Wednesday, September 15, 2010

2) Duggan: Longitudnal analysis and 2) Dervin: Information needs and uses

Duggan and Julien's "Longitudinal analysis" is an empirical study that tested the claims by other researchers: Is information behavior multidisciplinary? what are the methods of the studies?, and Are these studies dealing with cognitive activities? They created content analysis categories in which to place literature published between 1984-1989 and 1995-1998.

While it seems like they did extensive research to determine if articles could apply to library science or information behavior, it is possible that Duggan et al. missed some sources, which would skew their results. As this paper was published more than 10 years ago, certain resources were not available to Duggen. A follow-up to this paper would be interesting; even if new search engines and databases don't make a difference in the ease of locating and categorizing documents, there certainly have been more work published that might change their results.

However, the results that Duggan did find were interesting: articles relating to library science were not often cited by papers in other fields and methods of research were generally still based on questionnaires, rather than more quantitative methods.
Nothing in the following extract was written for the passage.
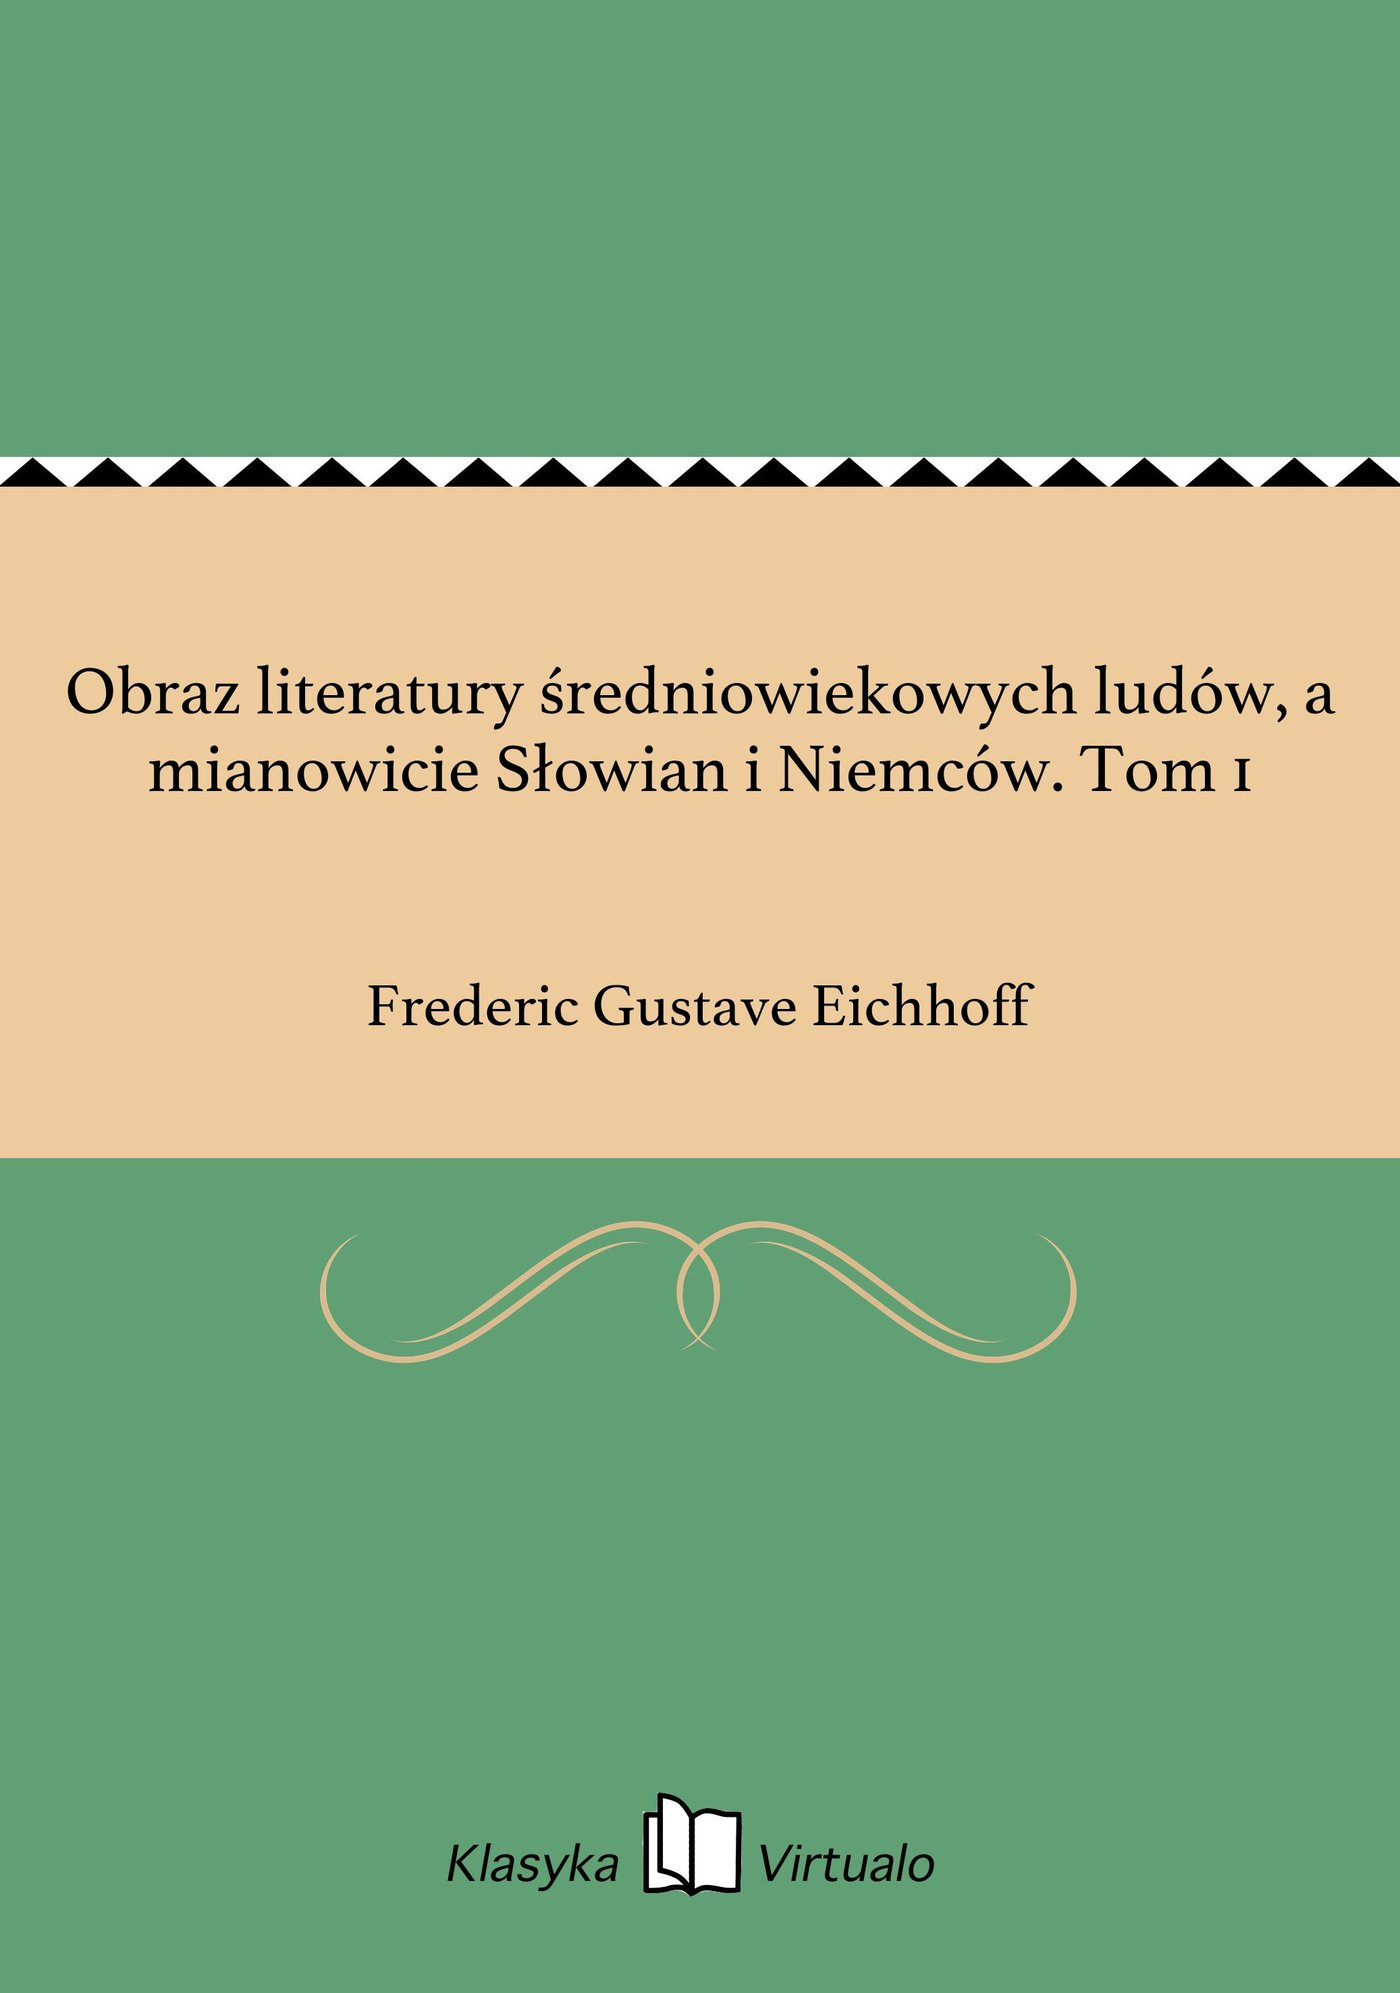 Obraz literatury średniowiekowych ludów, a mianowicie Słowian i Niemców. Tom 1 - Ebook (Książka na Kindle) do pobrania w formacie MOBI

It is possible that the relative youth of the field is a reason for these results, as librarians were not always concerned with the concept of information behavior. I also believe that that concept itself might be why there were so few scientific papers and why the papers were restrained to a few fields. The manner of how people search or the idea that someone's question might be just a part of a bigger information need seem to be abstract concepts.

I believe that more studies in the theories of information behaviors should be done. It remains a relevant field: with more content being made available online, it's not only librarians who need to remain focused on how people interact with all the information we have access to in this Information Age, but any company, organization, or person with a website who wants it to be findable. I agree with Dervin and Nilan, who in "Information needs and uses" argue that the field of information behavior needs to continue to define its theories and expand in new directions. They use seven criteria to establish a shift in mindset: the way we view information, the user, and the user experience; predict user behavior; our method for determining information needs; our approaches to research; and a new importance on the individual. The older methods of system-centered research and literature was unhelpful then, now it's practically irrelevant.

Since the Internet is available to such a wide spectrum of people, users can come from an array of backgrounds and situations (as Dervin calls them in "From the mind’s eye of the user: The sense-making qualitative-quantitative methodology") or ASKs (as Bates call them); information retrieval systems need to be approachable and usable by people with a variety of education, intellect, experience with IR systems, and expectations. By doing more research into the user as an individual, IR systems will be be able to adapt to better serve those who use them. The system-focused paradigm relies too heavily on stereotypes and assumptions about the users. And while demographics may seem like an appropriate method of distinction in a small library system, in a library that serves a large population, like the one I patronize in Brooklyn, the patrons can't be placed into neat groups.

To return to Duggan and Julien, I believe it's important that articles written about and for library science or information behavior should cross-reference and be cross-referenced by other fields. Users draw from a vast and complex network of experience and knowledge, and not just from their understanding of library/information science. Information behavior is not exclusive to one field since the users aren't exclusive.